Paget disease of the bone is characterized to be an imbalance amongst the activities of osteoblasts and osteoclasts. Of unknown etiology, the condition only affects localized portions of the skeletal tissue, generally involving one or more neighboring bones rather than the diffuse skeletal system. The disease process has three different stages. Osteoclast activity first increases, leading to a higher breakdown of bone tissue than normal. From this, the negative feedback mechanism is activated leading to osteoblasts responding to the breakdown and beginning to lay down bone. Eventually, osteoblastic activity is uncontrolled and continues to lay down bone tissue far past the metabolic requirement yielding a thick, sclerotic bone that is susceptible to fractures. Clinical symptoms are a result of the end process of this overgrowth of bone such as bone pain from microfractures, hearing loss due to impingement on the vestibulocochlear nerve from excess bone, and lion-like facies following the involvement of the craniofacial bones. Alkaline phosphatase becomes elevated more than twice the normal level juxtaposed with the clinical features, in a patient should lead a physician to consider Paget as a diagnosis because an isolated elevation of alkaline phosphatase in adults above 40 years most commonly points to the disease. Bone specimens of these patients illustrate a mosaic pattern of lamellar bone representing the low threshold required to fracture.

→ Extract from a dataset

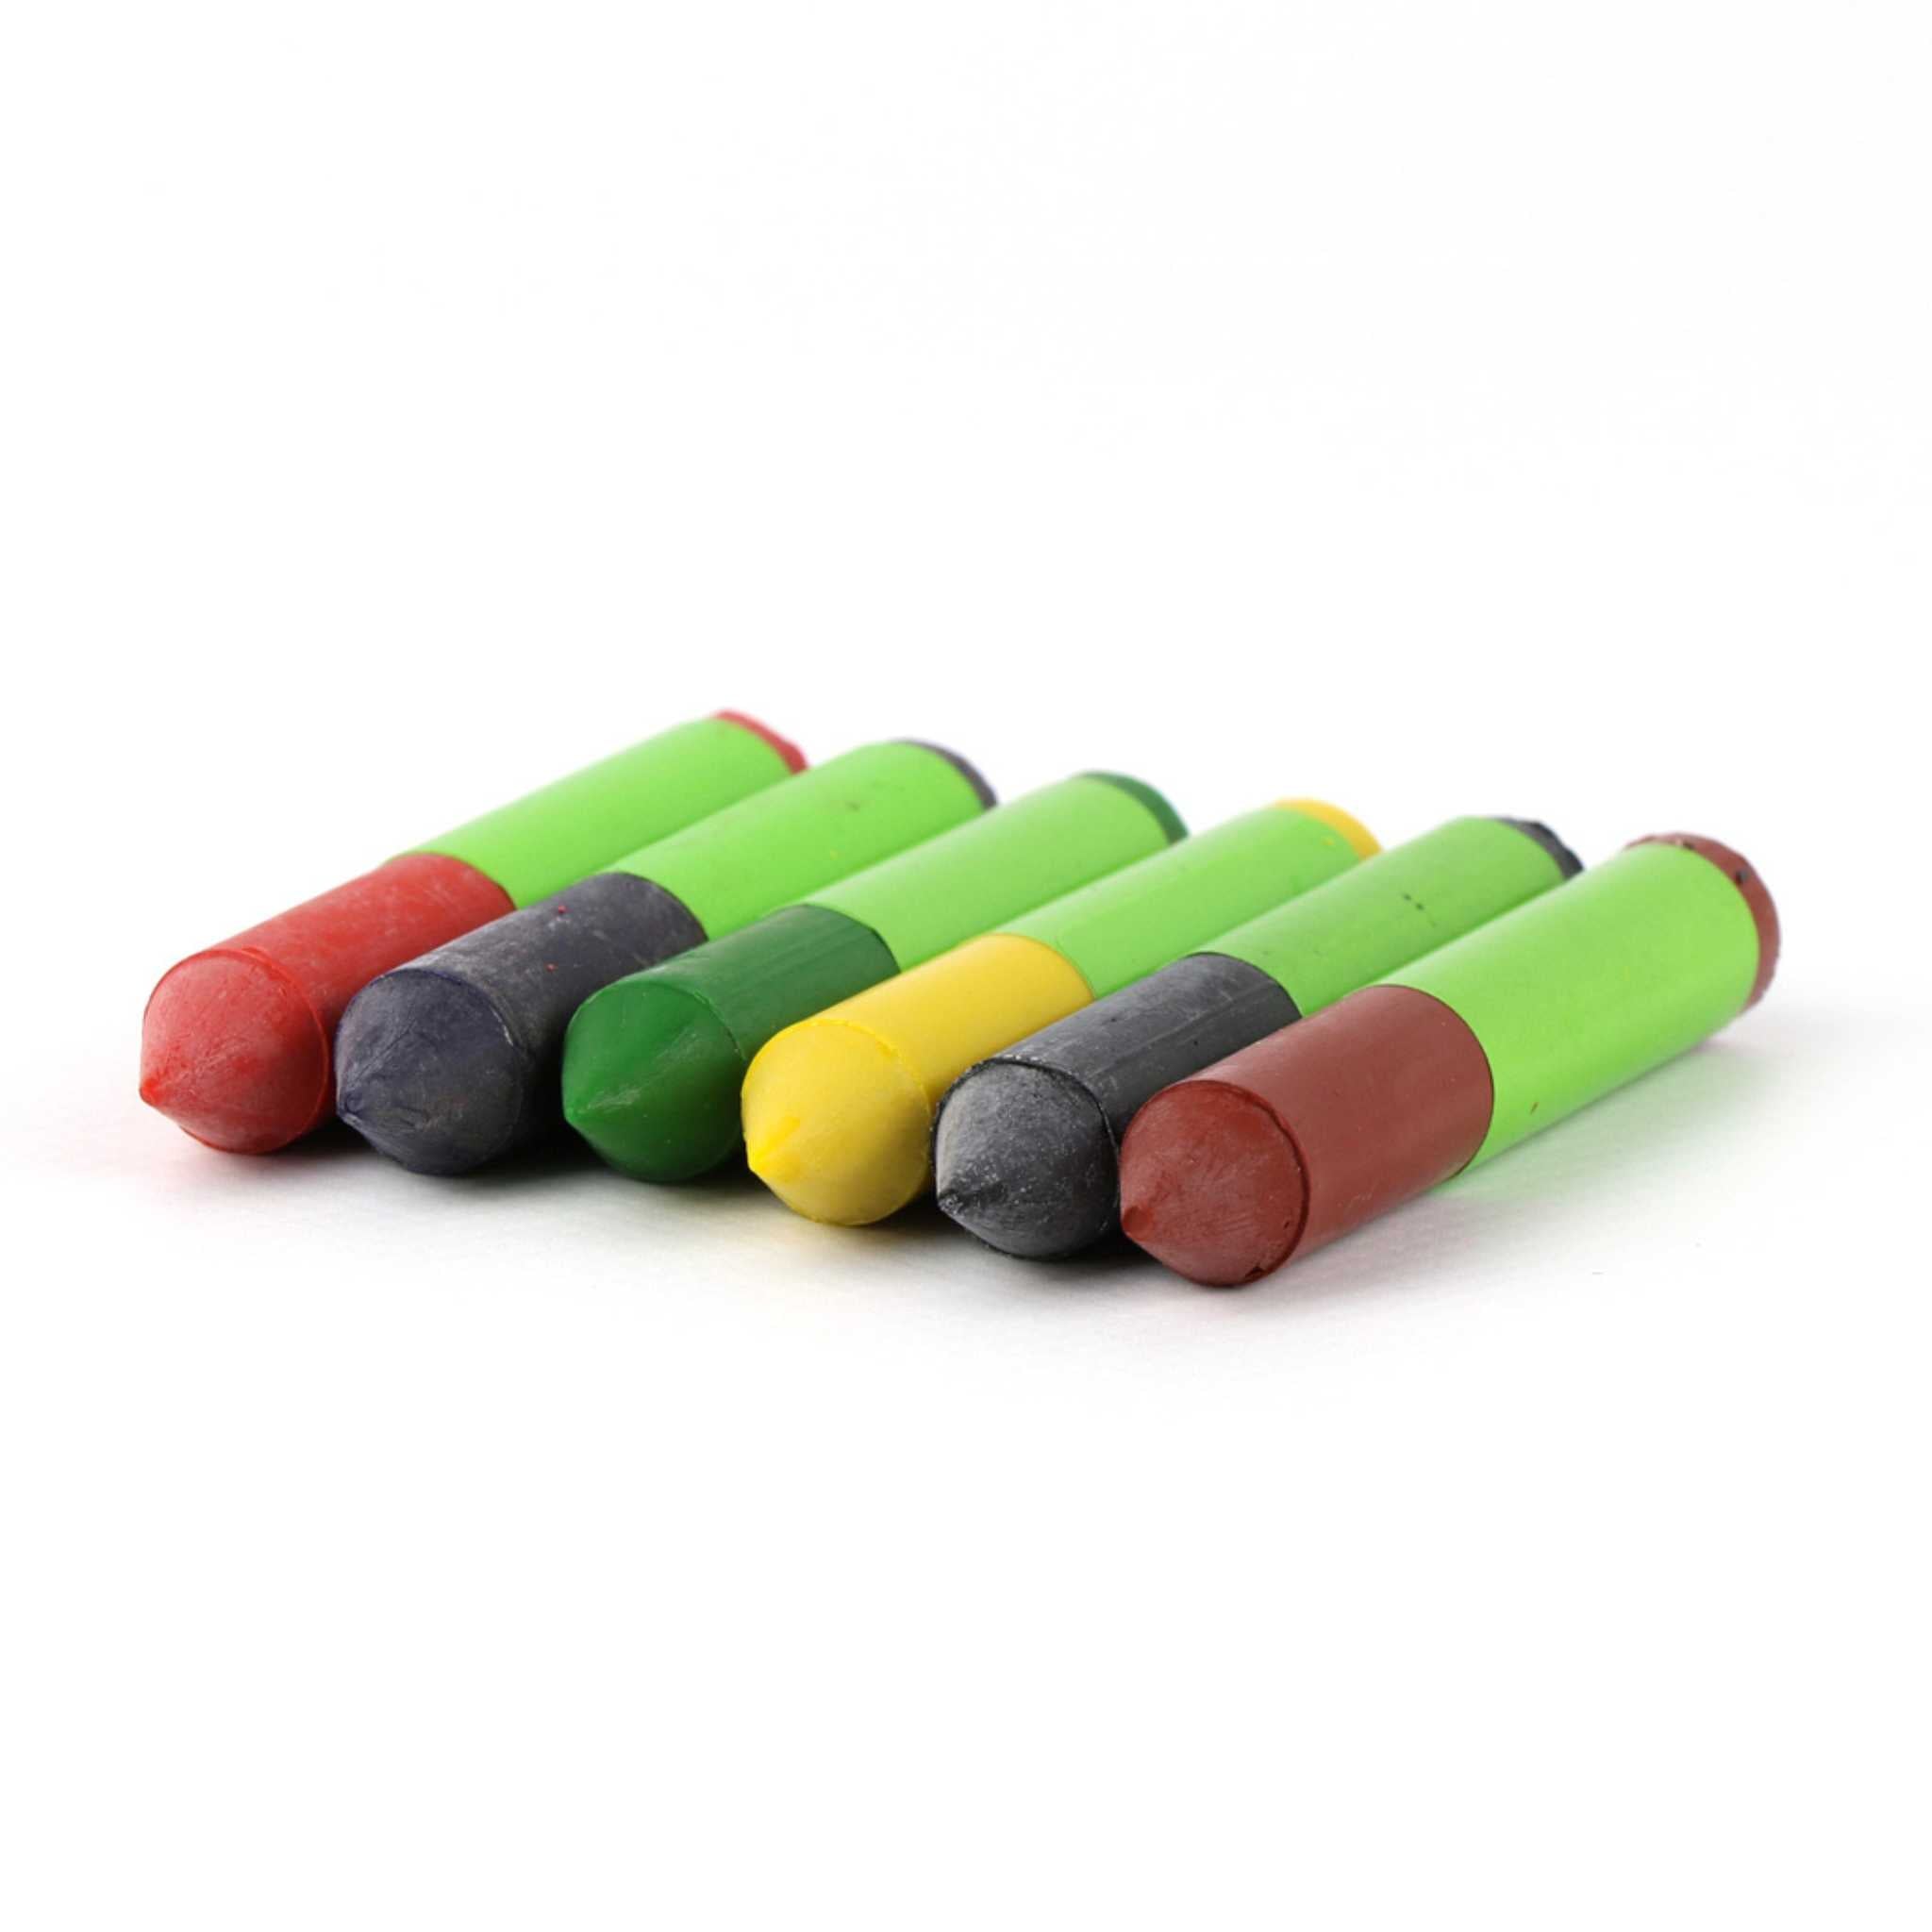 oKoNORM Textile Wax Crayons - 6 Pieces - Crayons
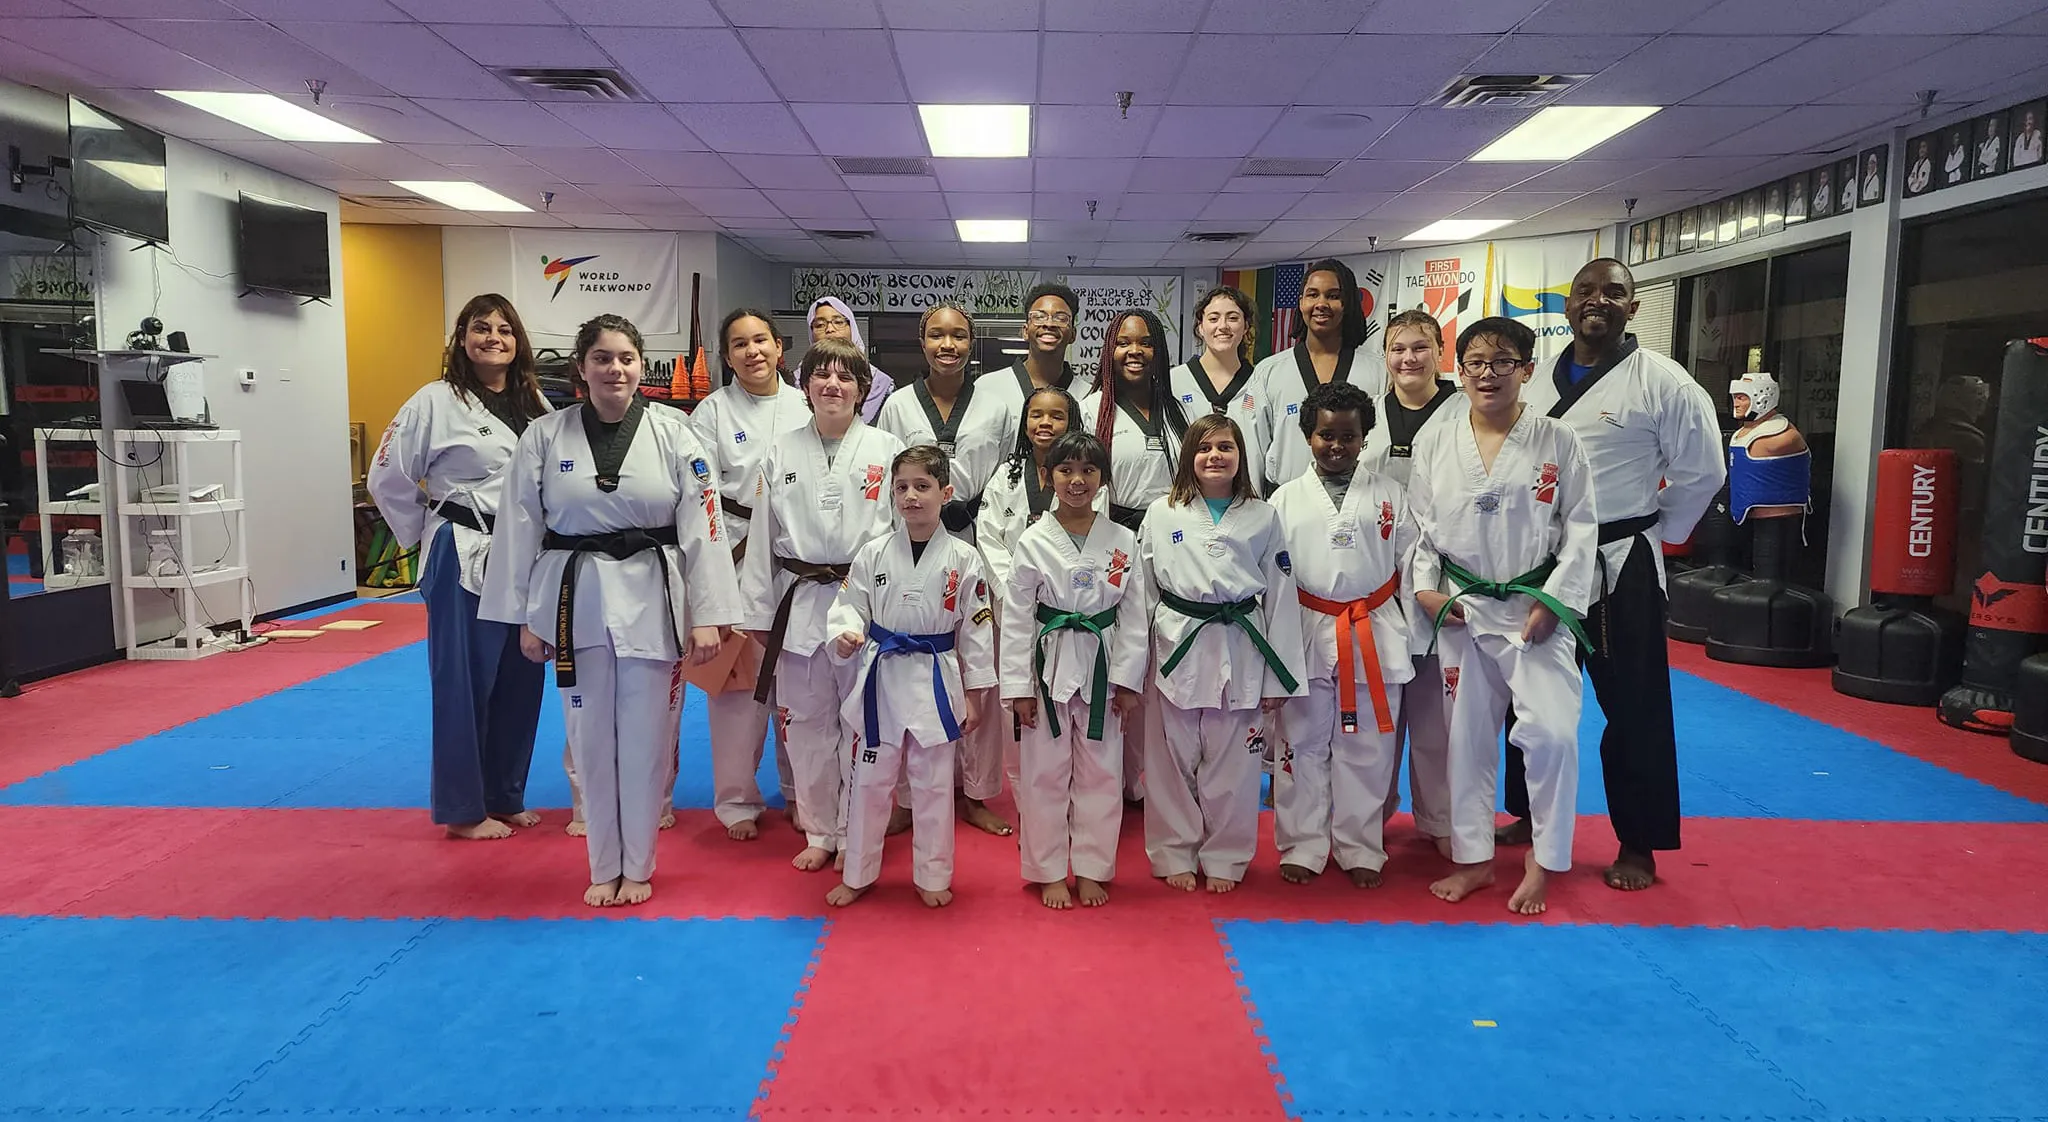 taekwondo-students-and-instructors-lined-up-in-dojang

If untreated, Paget disease of the bone can act as a risk factor for osteosarcoma, a malignant proliferation of osteoblasts. Much more common in teenagers than in the elderly, this skeletal neoplasm begins in the metaphysis of long bones with patients complaining of bone pain with swelling or as a pathologic fracture (a break in the bone caused by weakness of the bone through disease rather than trauma). According to the literature, the most common bones affected are the distal femur and the proximal tibia composing of bones of the knee joint. Radiological investigations of osteosarcomas depict a “sunburst” appearance of a destructive mass in affected areas. Due to the over-proliferation of osteoblasts, the periosteum is shown to be lifted, forming a Codman triangle. Levels of serum alkaline phosphatase and lactate dehydrogenase are also elevated in these patients as they are indicative of increased osteoblast activity. The degree of the elevation in these markers also determines the prognosis for patients, as higher levels signal more advanced disease. A biopsy is necessary for these patients. This biopsy can be either a closed biopsy through fine needle aspiration cytology (FNAC), a core needle biopsy, or an open/incisional biopsy which would allow an appropriate amount of tissue extraction for subsequent ancillary studies. Histological imaging demonstrates pleomorphic cells with the ability to produce osteoid, confirming the diagnosis.